Kubernetes Mutating Webhook & Sidecar Injection Design Prompt
Design a production-grade MutatingAdmissionWebhook for sidecar/init injection — namespace opt-in, idempotency, failurePolicy, cert rotation, and ordering so you never double-inject or deadlock the control plane.
- Target user
- Platform engineers building injection webhooks (agents, proxies, config)
- Difficulty
- Advanced
- Tools
- Claude, ChatGPT
The prompt
You are a Kubernetes platform engineer who has built and operated MutatingAdmissionWebhooks for sidecar and init-container injection (think proxy, logging agent, secret-fetcher). You know the failure modes that brick a cluster and design to avoid every one. I will provide: - What to inject (sidecar container, init container, volumes, env, annotations) - Opt-in model desired (namespace label, pod annotation, both) - The injector's runtime (Go controller-runtime, kubebuilder, or other) Your job: 1. **Webhook config that won't brick the cluster** — set `failurePolicy: Ignore` while the injector is unproven (not `Fail`), scope `namespaceSelector`/`objectSelector` so kube-system and the injector's OWN namespace are excluded (or you deadlock the webhook serving its own pods), set `reinvocationPolicy`, and pick `matchPolicy: Equivalent`. 2. **Idempotency** — guarantee you never double-inject: gate on an injected-status annotation (`sidecar.example.com/status: injected`), check for the container by name before adding, and make the patch a no-op on re-admission.
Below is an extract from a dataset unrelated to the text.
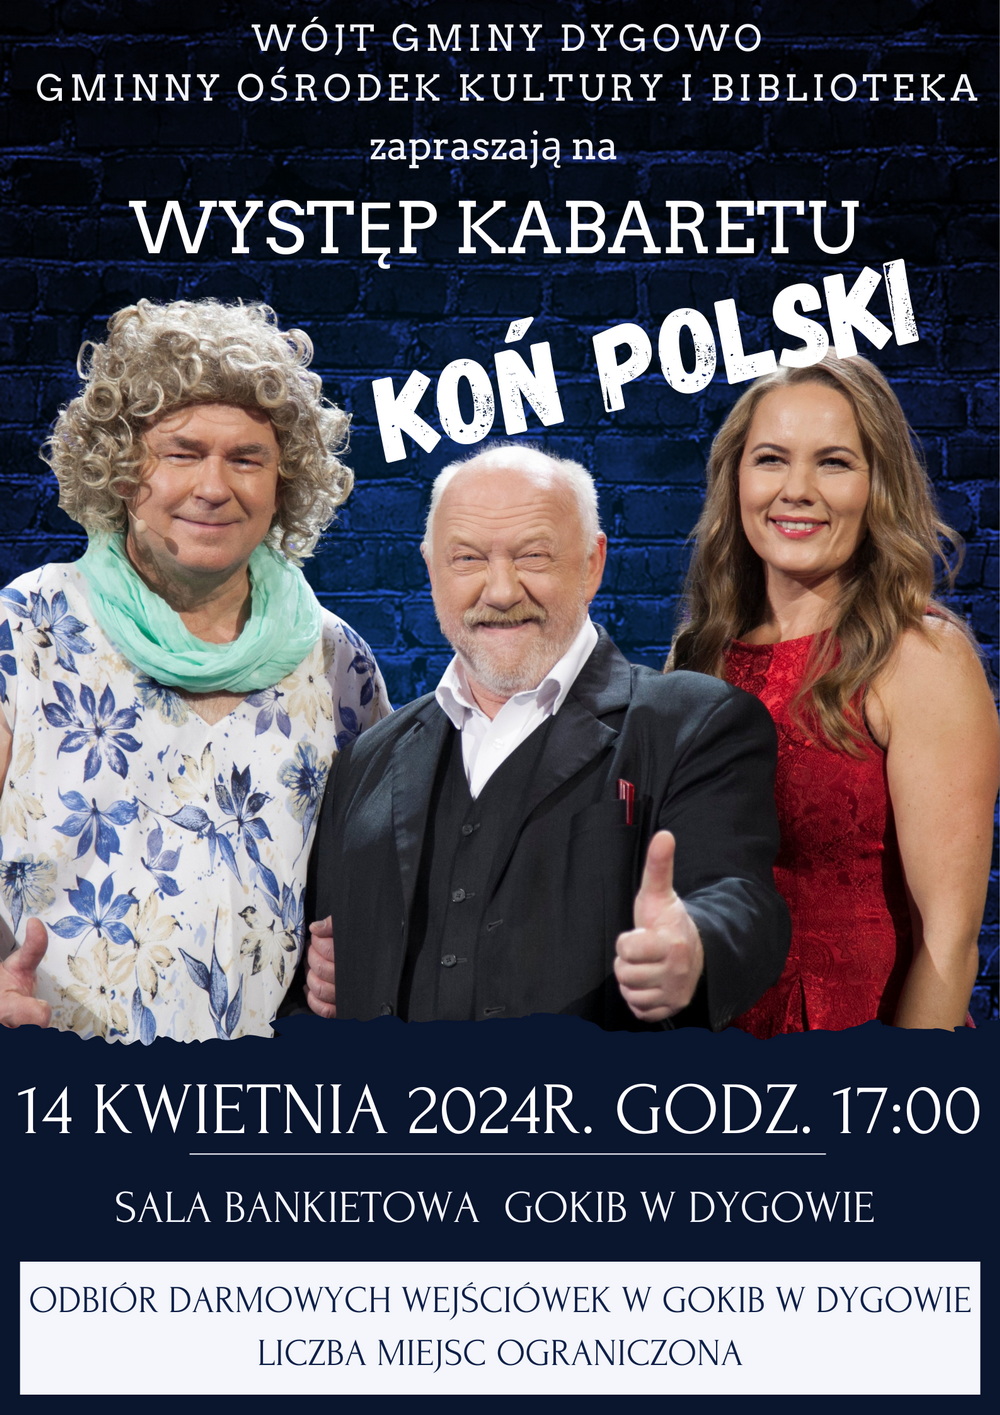 Występ kabaretu "Koń Polski"
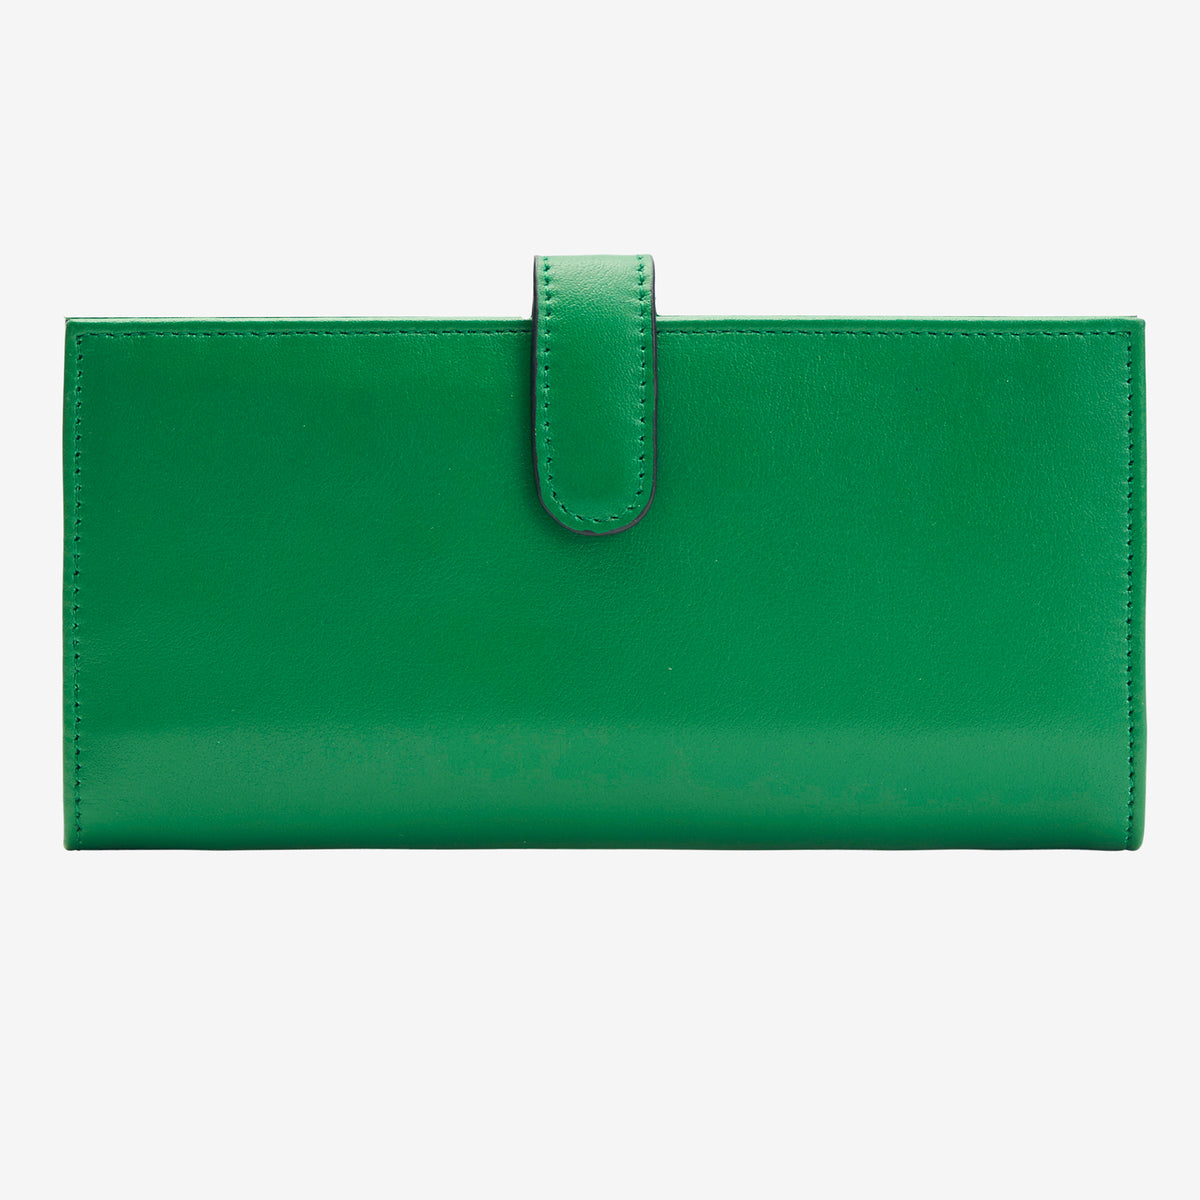     tusk-455-womens-joy-slim-leather-clutch-wallet-emerald-front

Show the JSONPatch the webhook returns. 3. **Ordering** — native sidecars (init containers with `restartPolicy: Always`, 1.29+) vs classic sidecars; where the injected init/sidecar must sit relative to the user's containers; and interaction with other injectors (Istio) via reinvocation. 4. **TLS + cert rotation** — wire the `caBundle` (cert-manager `CABundle` injection or a bootstrap job), and plan rotation so an expired cert doesn't (with `failurePolicy: Fail`) block all pod creation. 5. **Opt-in/opt-out** — implement namespace-label opt-in plus a per-pod `inject: "false"` override, and document precedence. 6. **Resilience** — set tight webhook `timeoutSeconds`, run the injector HA with a PDB, and add a kill-switch (delete the MutatingWebhookConfiguration) runbook for when it misbehaves. 7. **Observe + test** — metrics for inject/skip/error counts, and a fixture suite (already-injected, opted-out, kube-system, multi-injector) proving idempotency. Output: the MutatingWebhookConfiguration YAML, the injection JSONPatch logic (pseudocode/Go), the cert-rotation plan, the kill-switch runbook, and the idempotency test matrix. Bias toward: failurePolicy Ignore until proven, never deadlock self, idempotent patches, an obvious kill switch.